Désormais académicien, Giuseppe Penone continue, par sa démarche, d’intéresser critiques, historiens, artistes et autres acteurs du monde de l’art. Son œuvre a fait maintes fois l’objet d’expositions, de colloques, d’ouvrages. La parole de cet artiste est précieuse pour aborder en profondeur son œuvre. En cela, les entretiens permettent de nous éclairer sur des points précis et d’ouvrir d’autres pistes de lecture. Dans l’ouvrage « Respirer l’ombre » , publié en 2009, Penone se livrait déjà sur sa création.

Sculpter, ce livre de format quasi poche relate l’intervention de l’artiste lors d’une conférence au Nouveau théâtre de Montreuil, le samedi 12 décembre 2009. Dans son avant-propos, Gilberte Tsaï, à l’initiative de celle-ci, relate sa découverte de l’œuvre de Penone, lors de promenades dans le parc du domaine de Kerguéhennec, Morbihan, Bretagne. Depuis sa rencontre avec la sculpture Sentier de Charmes, elle confie l’émotion qui s’est installée en elle et qui l’a convié à partager l’œuvre de l’artiste au plus grand nombre. Les éditions Macula ont permis la restitution de ce temps d’échange passionnant.

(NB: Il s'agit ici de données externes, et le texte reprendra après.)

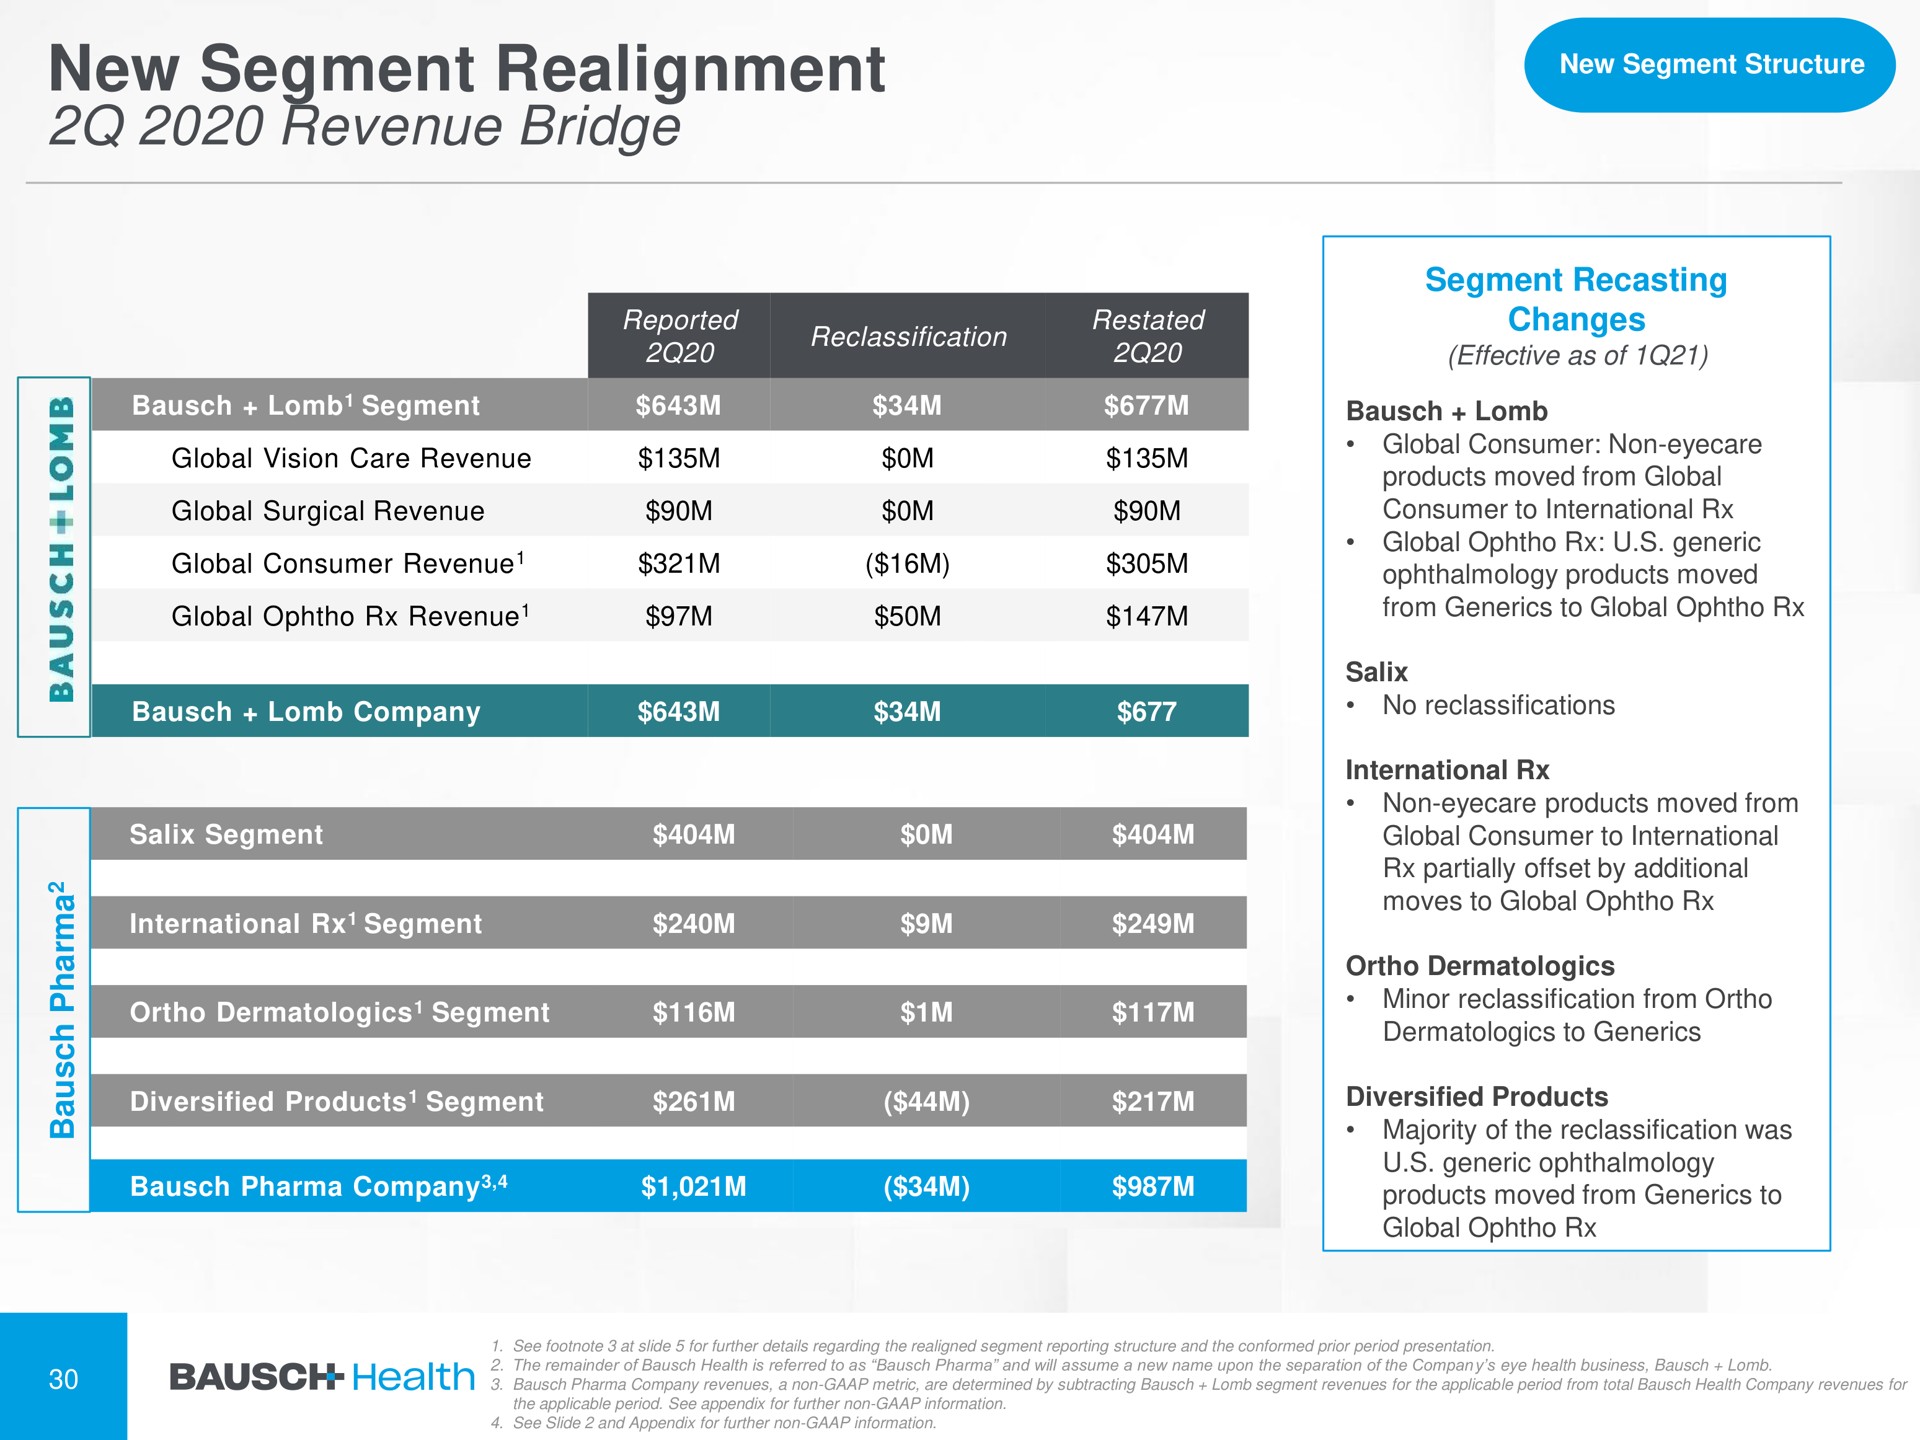 new segment realignment revenue bridge | Bausch Health Companies

L’artiste d’origine italienne revient sur le cœur de son travail de sculpture. Même si pour lui, les mots ne peuvent répondre convenablement au travail de la sculpture, son témoignage oral nous éclaire sur la recherche de l’émerveillement, à l’origine de son œuvre. Puis, évoquant sa toute première intervention artistique, il convoque le sens tactile. Vient ensuite le souffle qui influe sur les feuilles (« Ce sont des sculptures automatiques que font inconsciemment tous les êtres vivants » suggère-t-il). L’empreinte est aussi porteuse de sens dans ses travaux.

Penone observe avec attention les structures fluides d’où l’appellation « sculptures fluides ». Ses œuvres mettent en évidence la croissance, un mouvement où force de gravité et force de la lumière s’allient. Telles en témoignent ses œuvres créées pour le parc des sculptures fluides à la Venaria Reale, près de Turin. S’il utilise le bronze comme matière semblable au végétal, le marbre, dit-il, l’amène à révéler un réseau de veines. En somme, attentif aux arbres et aux feuilles, il expérimente de nombreux gestes et tend à exprimer leur temporalité. Ainsi, l’interaction entre l’homme et les éléments naturels se donne à voir.

D’autres notions émergent notamment au travers d’un échange. Le sculpteur revient sur le temps propre à la sculpture. « Mon travail est une réflexion sur les éléments de la vie de tous les jours » affirme-t-il. Il poursuit ses réponses en précisant la relation avec les éléments de la nature. Il confie les utiliser afin de réfléchir autrement la question de la sculpture. De même, pour l’artiste, l’installation d’une sculpture à l’extérieur implique toujours un questionnement sur les proportions.

Les écrits et les travaux de Penone ouvrent la voie à une connexion profonde entre un travail de sculpture et les éléments naturels. Ses propos résonnent avec l’actualité de pratiques artistiques à partir desquelles nous pouvons envisager des relations avec le vivant, comme co-créateur de l’œuvre.
À mon tour de vous partager cette lecture et au-delà, de vous transmettre mes expériences de proximité avec cette œuvre. Je me revois le pas assuré et le regard averti, parcourant les parcs de sculptures où celles de l’artiste, parfois, faisaient corps avec la végétation alentour. Mon approche des éléments naturels, des jardins, lieux de rêverie, de contemplation, d’attention et d’apprentissage me guide vers les interventions sculpturales de Penone. Je vous invite maintenant, à écouter les sons de la nature, à marcher là où les êtres vivants et les pierres vous indiqueront un possible chemin. Suivez votre intuition et la vie n’en sera que plus belle.